Emo: The hated subgenre and subculture | Sunday Observer

Emo: The hated subgenre and subculture

18 April, 2021

Emo, initially a shorter way to refer to Emotive Hardcore, is a genre of music that had a strong surge of popularity in the early 2000s thanks to incredibly successful bands like My Chemical Romance, Paramore, Fall Out Boy and Jimmy Eats World. But thanks to the relatively young internet, it evolved into a subculture with its own distinctive style, fashion and attitude. While the Emo music genre was relatively popular for its time, it was this aesthetic expression that became one of the first popular internet movements.

Emo music, as it was first developed in 80’s America, had a drastically different sound compared to what it is more commonly known by. Not even labelled as Emo back then, the basis for the genre was raw and emotional, but was far more political. Inherently anarchical and counter-cultural, the genre resonated with the rebellious youth of the time.


However, as it grew in popularity, the genre leaned more into the emotional and confessional type songs, abandoning the political angle and the aggressiveness. Now formally dubbed as Emo, from the full title of ‘Emotive Hardcore’, its new sound was vastly more attractive to the youth of the 90’s. Bands like Jimmy Eats World were instrumental in bringing Emo onto the mainstream, popularising this new edgier yet more accessible sound.

This darker genre drew closer association with the Goth movement giving rise to acts like My Chemical Romance and Thirty Seconds to Mars. However, once the 2000s rolled around, Emo would evolve once more.

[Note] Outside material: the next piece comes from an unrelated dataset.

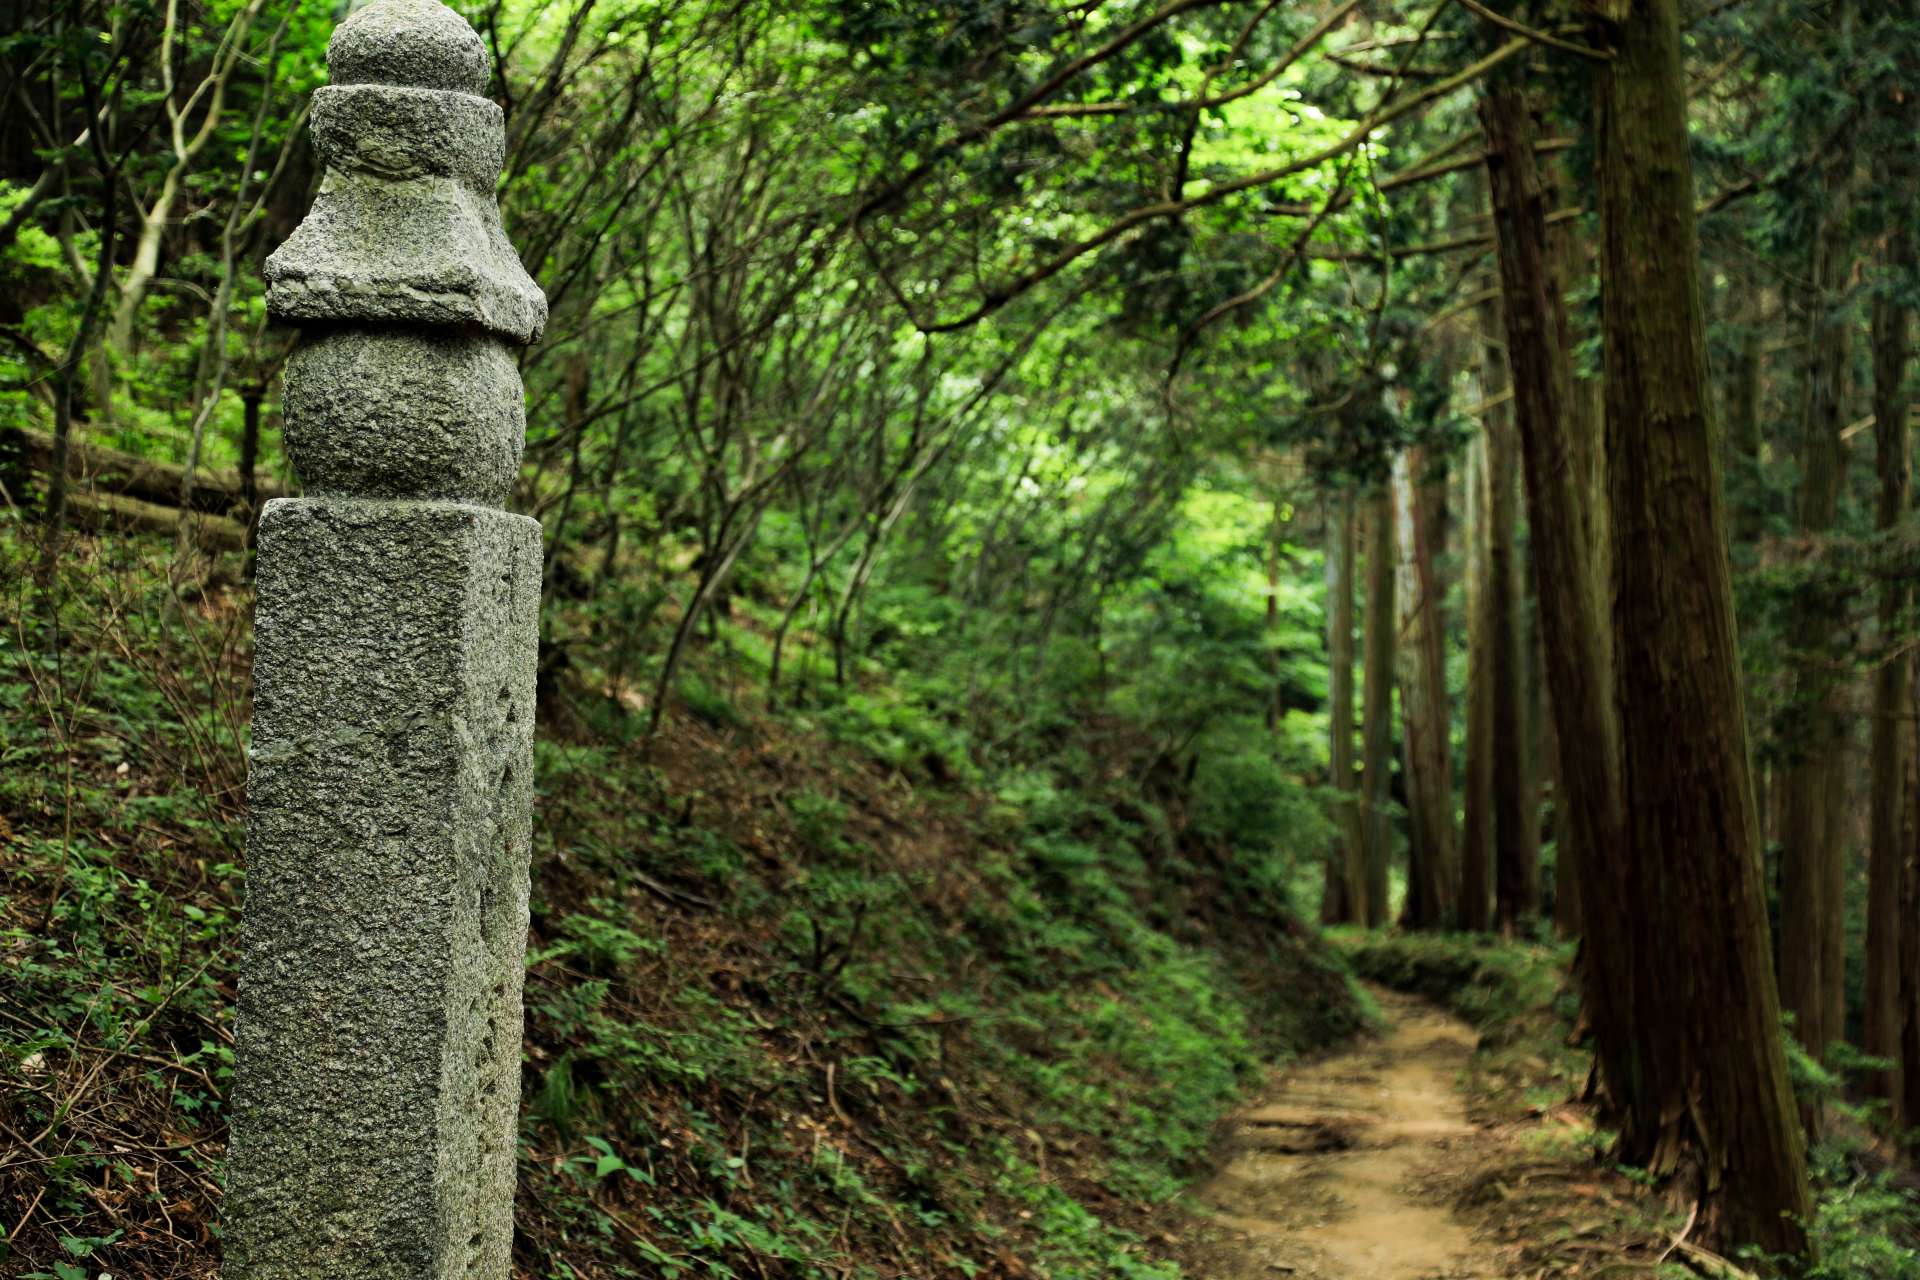 Les Choishi sont des piliers en pierre qui imitent la forme d'un gorinto, ou pagode à cinq niveaux. Ils étaient à l'origine en bois mais on les retrouve aujourd'hui dans cette construction en pierre popularisée à l'époque de Kamakura (1185-1333).

With bands like MCR, Thirty Seconds to Mars and Jimmy Eats World proving to be platinum level artists with massive fanbases, mainstream record labels took notice. More and more emo bands would be signed on the bandwagon and this proliferation and popularity eventually gave rise to Emo-Pop. Combining the attitude of Emo with elements of punk and pop rock, the most commercial version of Emo was developed in the mid-2000s, most popularly by bands like Fall Out Boy, Panic! At the Disco and Paramore. Now, in a period of time that the internet was in common use by the public, Emo-Pop spread like wildfire across the web.

Popular with teens and preteens, Emo-pop is what comes to mind when people usually think of Emo. Fans of the genre resonated with the depressed, introspective and emotional lyrics as well the Gothic aesthetic.

Emo Teen

Dubbed by the public as Emos, generally used derogatorily, these young fans expressed themselves in a very distinct and recognisable way, especially on the internet; giving rise to arguably the first internet subcultural movement. The stereotypical Emo Teen would dress in mostly black, usually also clad in black makeup and hair dye.

They would be characterised by their moody and introverted behaviour, sometimes superficially intellectual and self-conscious. This perceived whininess and antisocial behaviour drew ire from many, often in the form of physical violence and public humiliation. Depression, self-harm and suicide was closely associated with Emo, and in a time before mental health was taken seriously, this was also openly mocked.

A side effect of this being that anyone who suffered from mental health or expressed themselves with any sense of sensitivity or angst would be dismissed and mocked as Emo, regardless of the legitimacy of their issues or their association with the subculture.

Nowadays, Emo is more or less dead, at least as a subculture. Some musical acts continue making music in the Emo genre but most wish to distance themselves from it, including acts like Panic! and MCR which were vital parts of Emo.

The backlash towards Emo lasted for far longer than Emo ever did. Even now, the Emo Teen is a common stereotype to be openly mocked by the mainstream media. An acceptable target.

There has been no significant redemption for the

Emo as a subculture, and it continues to be vilified to this day by an active and vitriolic hatedom.